Over the years various groups have come to Okolona to lend their time and talent. Parishioners from St. Edward Parish in Waterloo, Iowa, and St. Dennis Parish in Madison, Wisconsin, have often come to help. But every year for 20 years a group from Resurrection Parish in Dubuque has been spending time in Okolona, maintaining a contact with the former teacher in their school.
Ellen Patch, also a former Resurrection teacher and now the parish pastoral associate, has organized the group for many of those years. The Resurrection volunteers bring items for the re-sale store, funded by donations from parishioners, and Ellen borrows computers from the school to broaden the skills of students in the EXCEL program. The “partners,” members of several groups, and individuals near and far, have helped with remodeling or fixing up the buildings, doing yard work, painting and offering help wherever it is needed. But most important are the relationships which are built through this volunteer process.
Sister Jean Ann has now been with EXCEL for 20 years. When asked to explain her longevity, she replies, “I love the children and the families. Parents and grandparents want so much for their children, and they put energy into acquiring that. I am happy and honored to be a part of that, and my hope is that I can make a difference.” She continues, “I have grown and changed, and that is humbling, too. It is an honor to be able to be so closely associated with other people. We try to help the college students who volunteer to see the opportunities, and have them take that home so that they can realize what is happening in their own locations.”

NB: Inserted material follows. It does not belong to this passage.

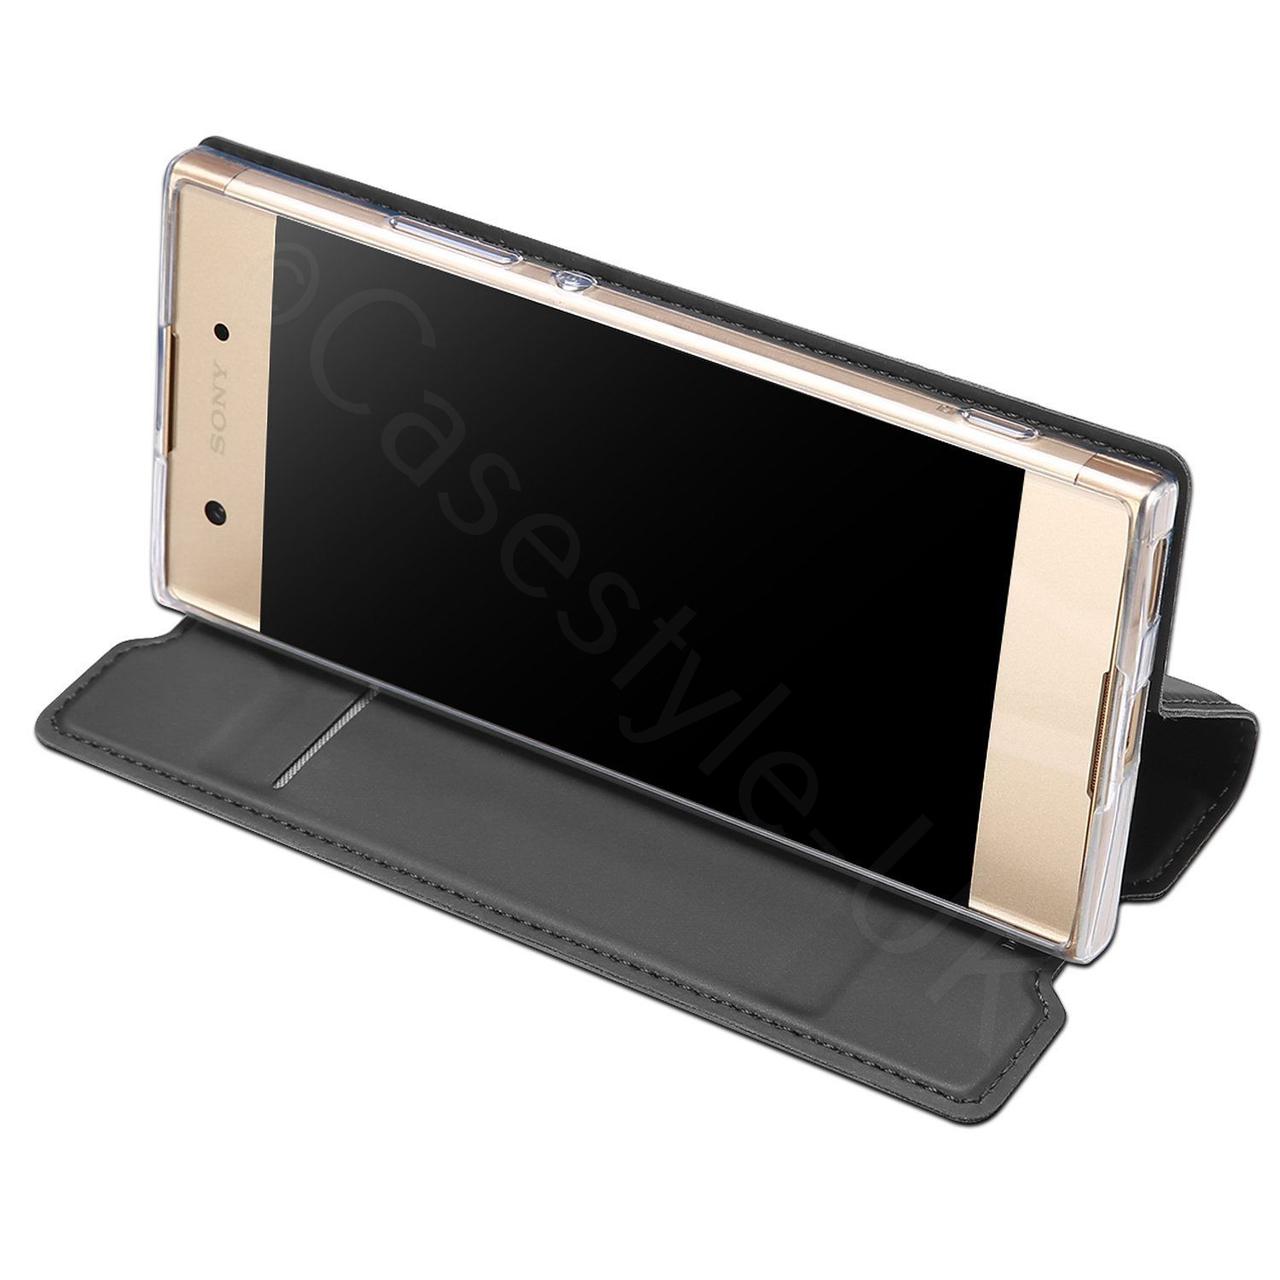 timeless design aa4a9 ee494 Sony Xperia XA1 Case

“We always try to listen to people to see what is happening in their lives. We are always listening and walking with individuals‚” adds Sister Jean Ann. “EXCEL’s mission is to further education, promote community building, encourage community service and to foster healthy lives. We do this because we are most certainly all in this together.”
Anyone who knows Sister Jean Ann knows that she is by nature a gentle and caring person, one who would truly live that “listening and walking with.” And that explains her successful and long partnership with other people so many miles from home.
Left photo: Sister Jean Ann Meyer visits with her students before they begin computer classes.
Right photo: Sister Jean Ann Meyer visits with a parishioner and former student.